- _Material provided_
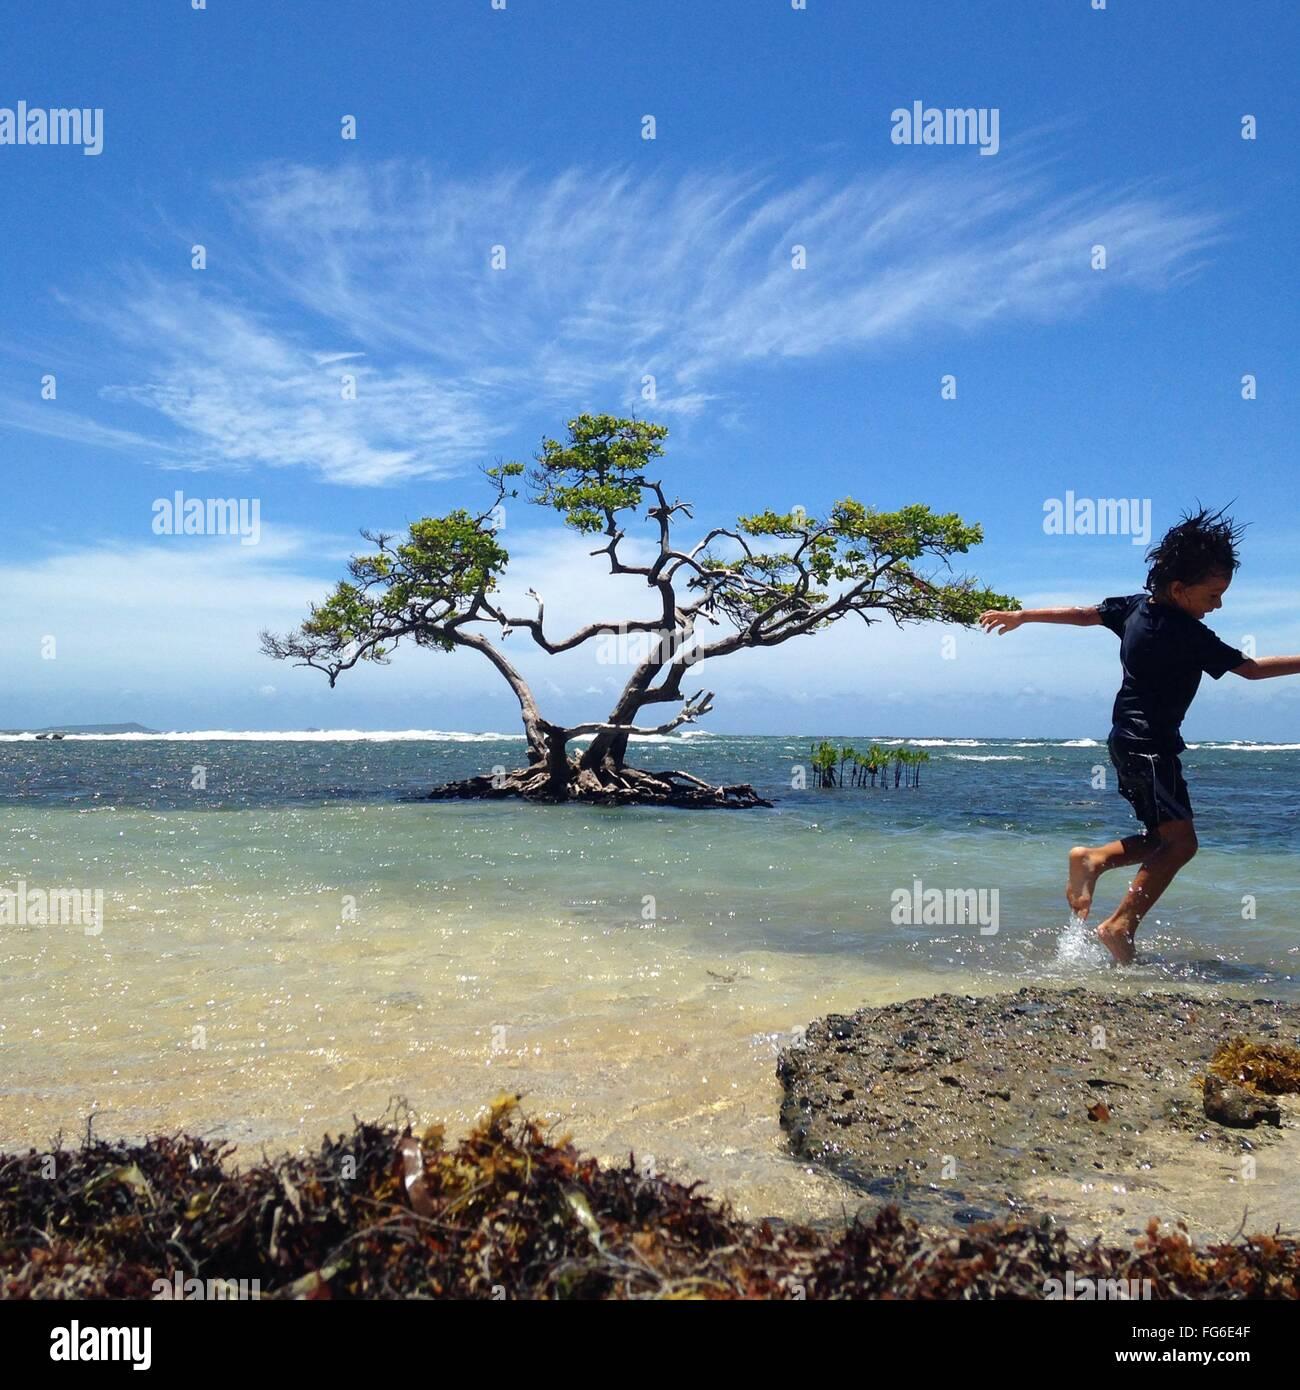 Nassen verspielt Boy am Strand gegen Himmel Stockbild
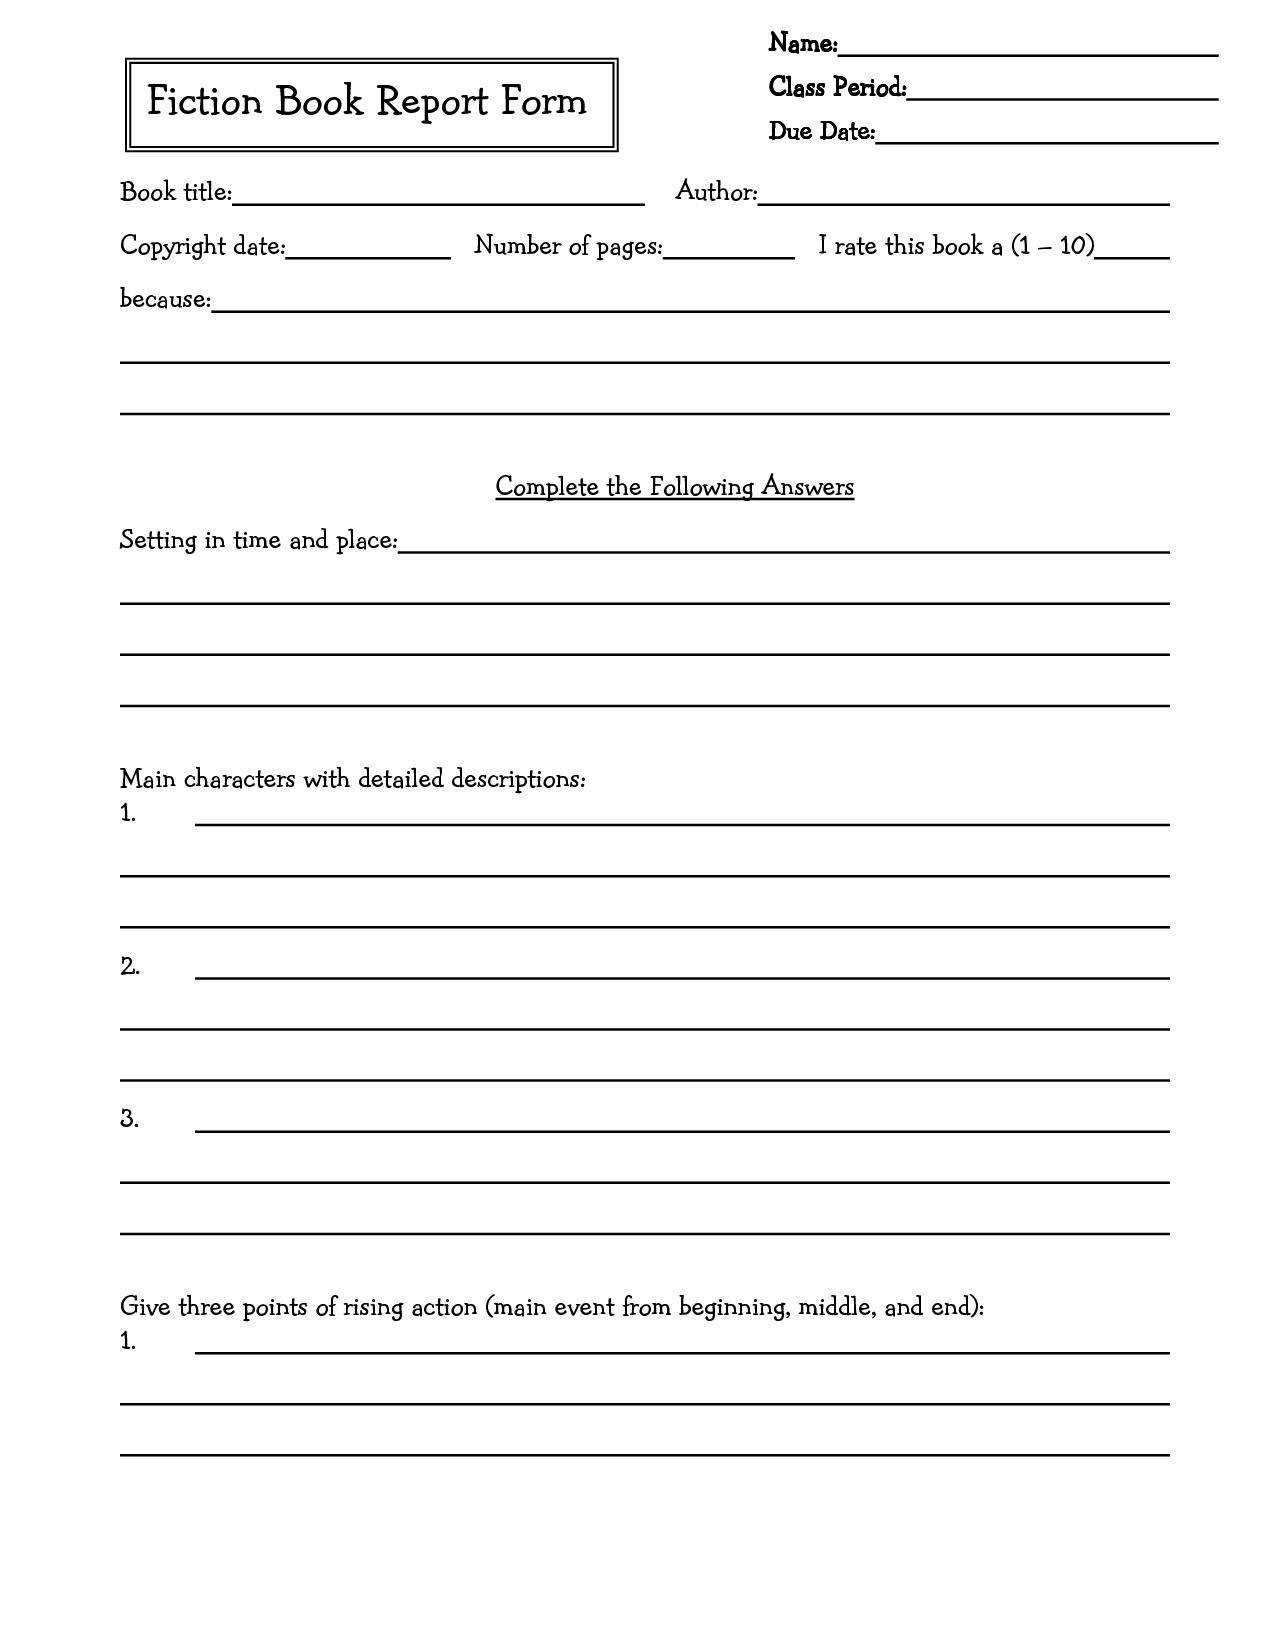 Middle School Book Report Brochure. 6Th Grade | 7Th Grade For Book Report Template Middle School
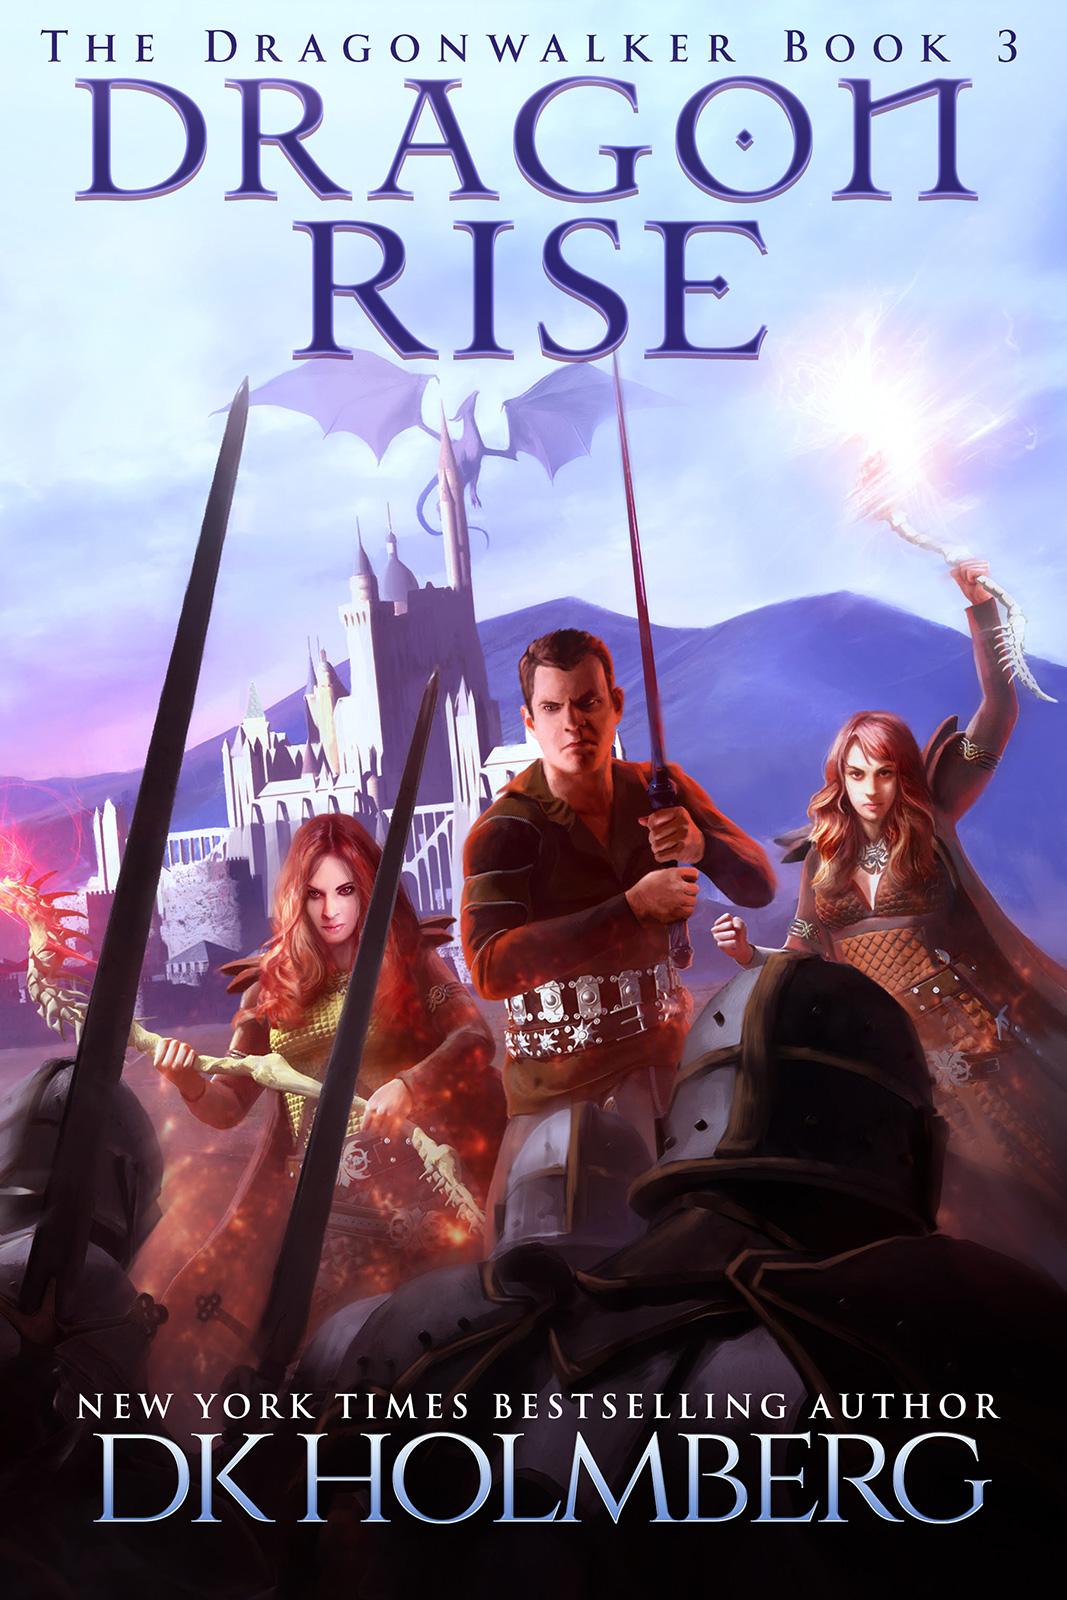 Dragon Rise by DK Holmberg
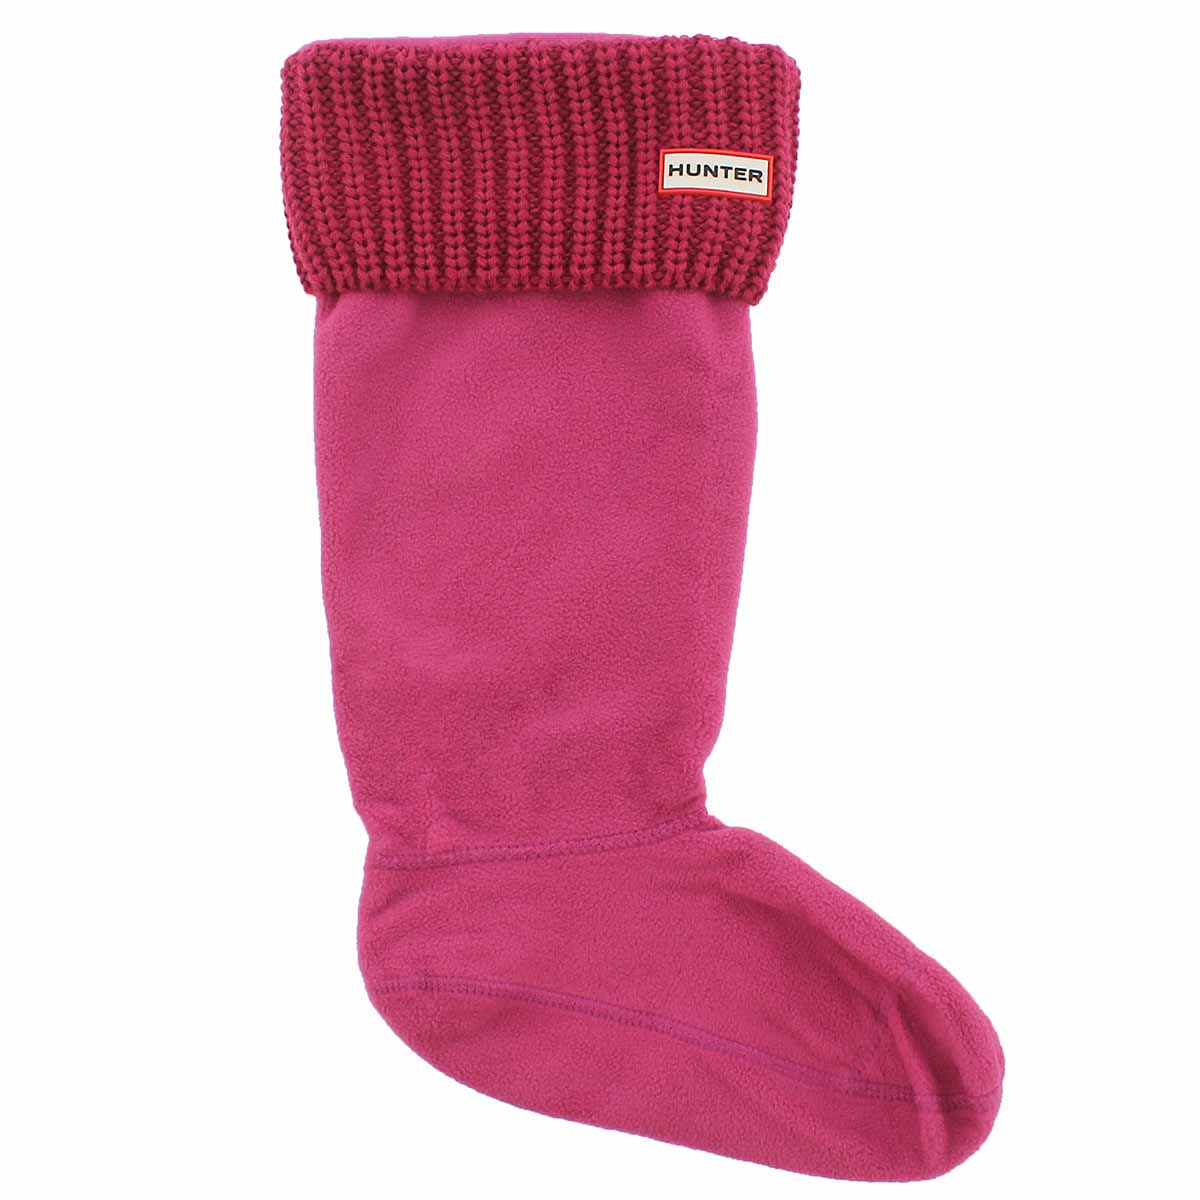 Lds Half Cardigan pink boot sock

- _What to do_
Copy each line of the material above exactly, but not the images.

- _Task response_
 Nassen verspielt Boy am Strand gegen Himmel Stockbild
 Middle School Book Report Brochure. 6Th Grade | 7Th Grade For Book Report Template Middle School
 Dragon Rise by DK Holmberg
 Lds Half Cardigan pink boot sock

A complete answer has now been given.